Tuesday, October 11, 2005

Did I just fall off the turnip truck?

I think this is kind of humorous. Yesterday I asked K what he'd done with the weekend while J and I were in Louisiana. He said something to the effect that he'd cleaned his apartment. I said I was surprised that, given a free weekend, he hadn't gone out or done anything fun. He then said well, yeah, he had spent some time with a woman he's been talking to. I said, well, good for you, and I told him that he didn't have to be weird about saying he'd gone out, that I was long past the point where him going out with someone could hurt me. Not that I'd expect or want blow-by-blow descriptions of what went on, but he shouldn't be concerned about telling me he'd gone out.

Then today - K has had dinner out tonight planned for a little bit now, a week or so? I can't remember exactly. Anyway, dinner tonight is with this same woman he's been talking to that he saw this weekend, and that's fine. He's met someone he likes, wants to go out, good for him. What's funny - he just called me, ostensibly to ask how my day off was (and I'm sure he did want to know, but that wasn't the only reason, I don't think). A little preface to my next comment - whoever drops J off in the mornings calls the other to let them know how drop-off went. It's just what we've always done. So in the course of conversation this afternoon, K says that when I call him after dropping J off in the morning, don't be surprised if the phone goes straight to voice mail. Well, all righty then. Now why would he be telling me this? I've called before and the phone has gone straight to voice mail - maybe he's talking on it, maybe he's turned the ringer off, maybe he had the radio turned up in the car, maybe he's in traffic and can't answer right then. I'll wait a few minutes, then call again. He knows this. So why tell me it will probably go straight to voice mail? I may be way off here, but I think he's planning to spend the night with this woman and just didn't want to come right out and tell me. I guess it's considerate of him not to hit me over the head with the fact that he'd be getting lucky if that is indeed the case, since I can't even remember the last time I had sex. I'm sure I did at some point in time, I have a son to prove it. I just think it's funny that he went out of his way to tell me about the voice mail - did he not think I'd have a theory as to why he was calling? Now, granted, I don't ever want to know all the details about any of his dates or girlfriends - he and I will always be friends, but there are some things he does not need to go into detail about. But if he'd just said, "Hey, I'm spending the night tonight, don't call first thing in the morning," I'd have said, "OK," and gone right on. He probably gave more away by calling me like that than he would have done if I'd gotten voice mail in the morning! LOL

I've gotta go get J from school - I can't believe my day off is almost over. Hopefully I'll be able to get on and write some more tonight.

3 comments:

Mo said...

I think that he's just a guy and wants to get a reaction. Maybe not to be an ass, but just to be human. If you started prying then he could think that you still had strong feeling for him. Sometimes we want someone to get jealous so that we can feel that we are attractive. That of course is a very broad generalization and I've been gripped at for that.

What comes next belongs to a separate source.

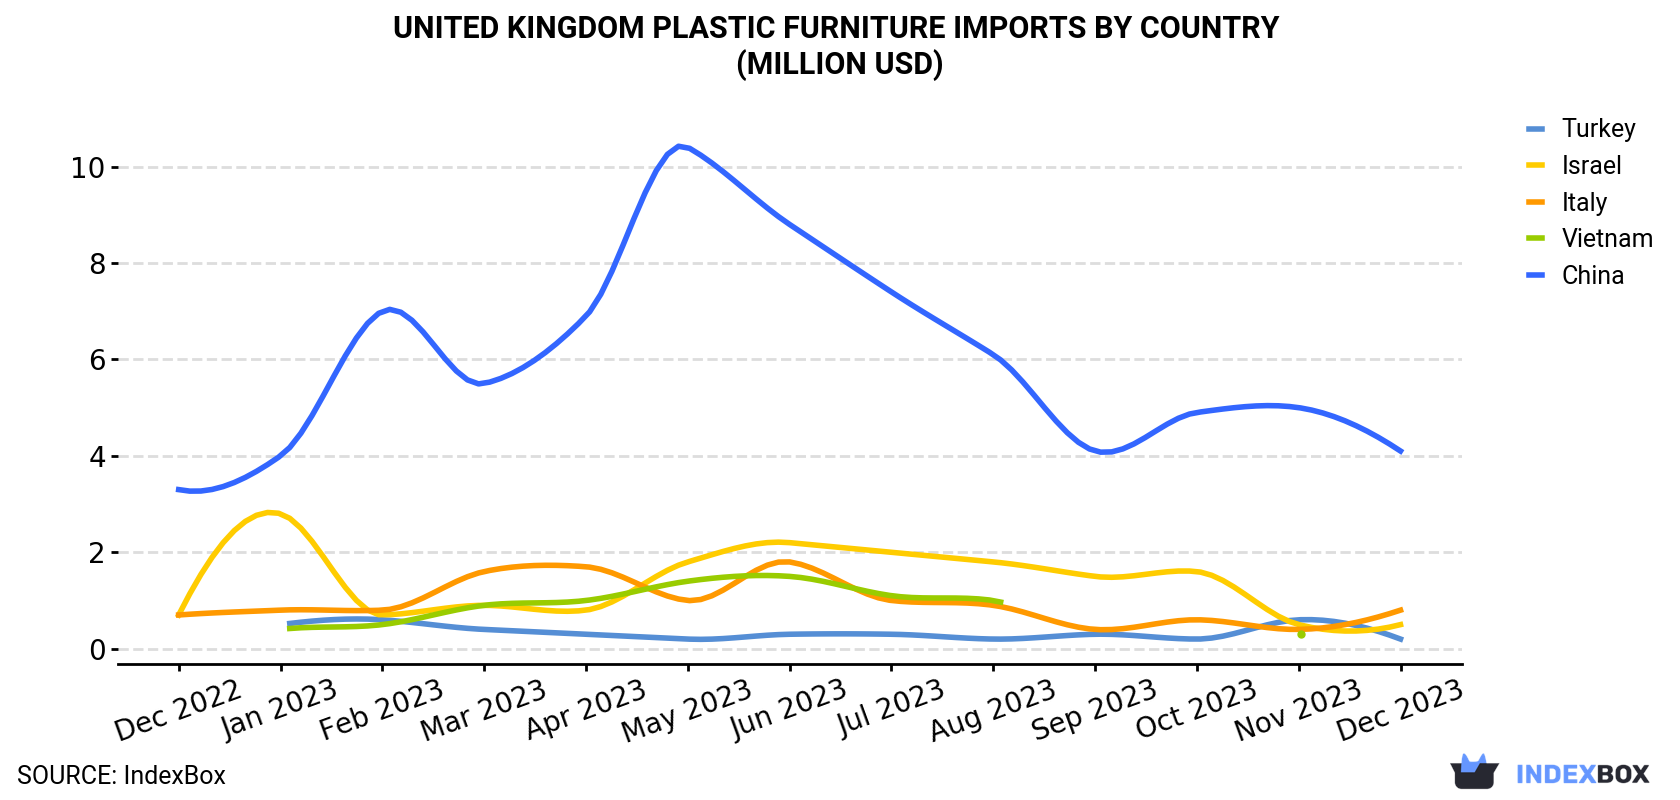 United Kingdom Plastic Furniture Imports By Country (Million USD)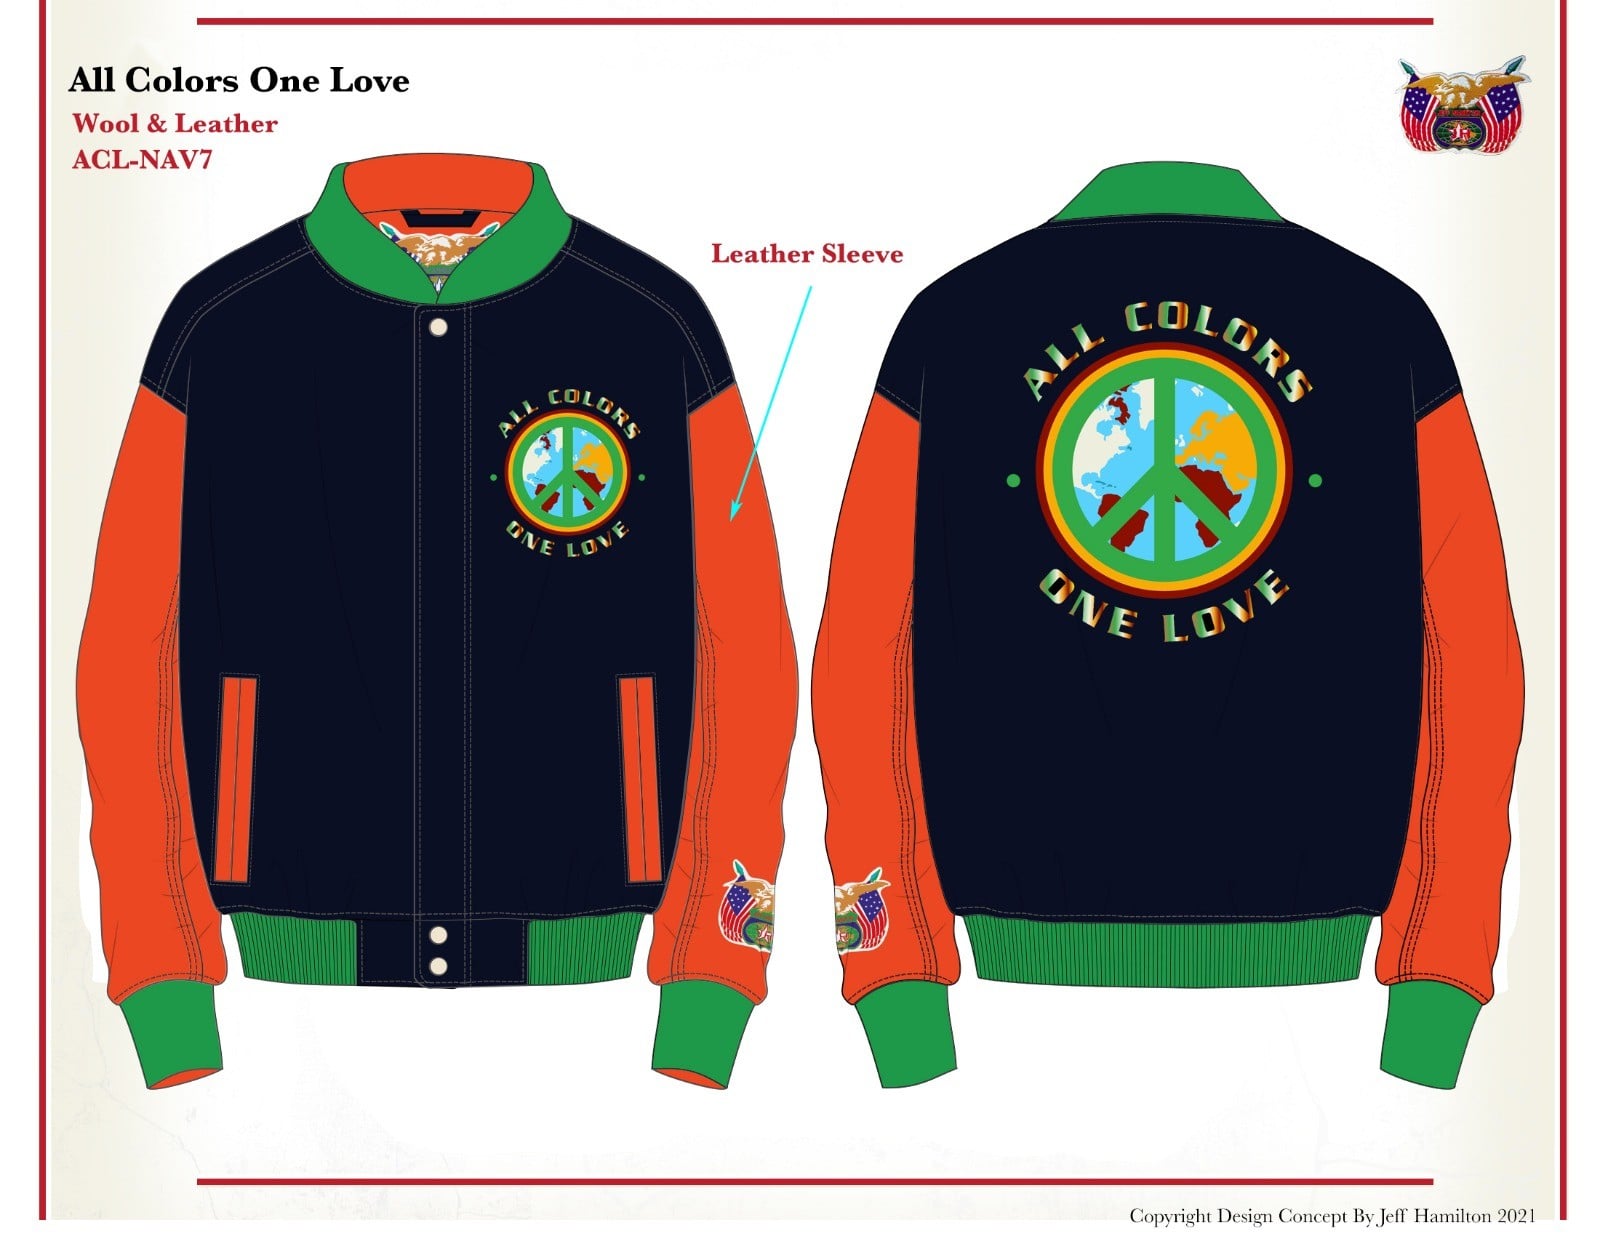 All Colors One Love Jacket

Lisa @ The Plain-Spoken Pen said...

Tommy, you make a good point. Maybe that is it. But it seems to be a bit late in the game for him to be wanting to think I might still have strong feelings for that. And who knows, I could be way off base with my little theory about him telling me that - maybe it was for some other reason entirely. I may never know!

The Anti-Wife said...

You know, no matter what -- no matter how far along into your separation you are -- it's going to be hard and somewhat awkward. Maybe even painful. I agree that the less you know the better off you'll be. Maybe he's trying to cop a rise out of you like tommy suggested; just let it go.

I feel for you...even if you don't feel hurt.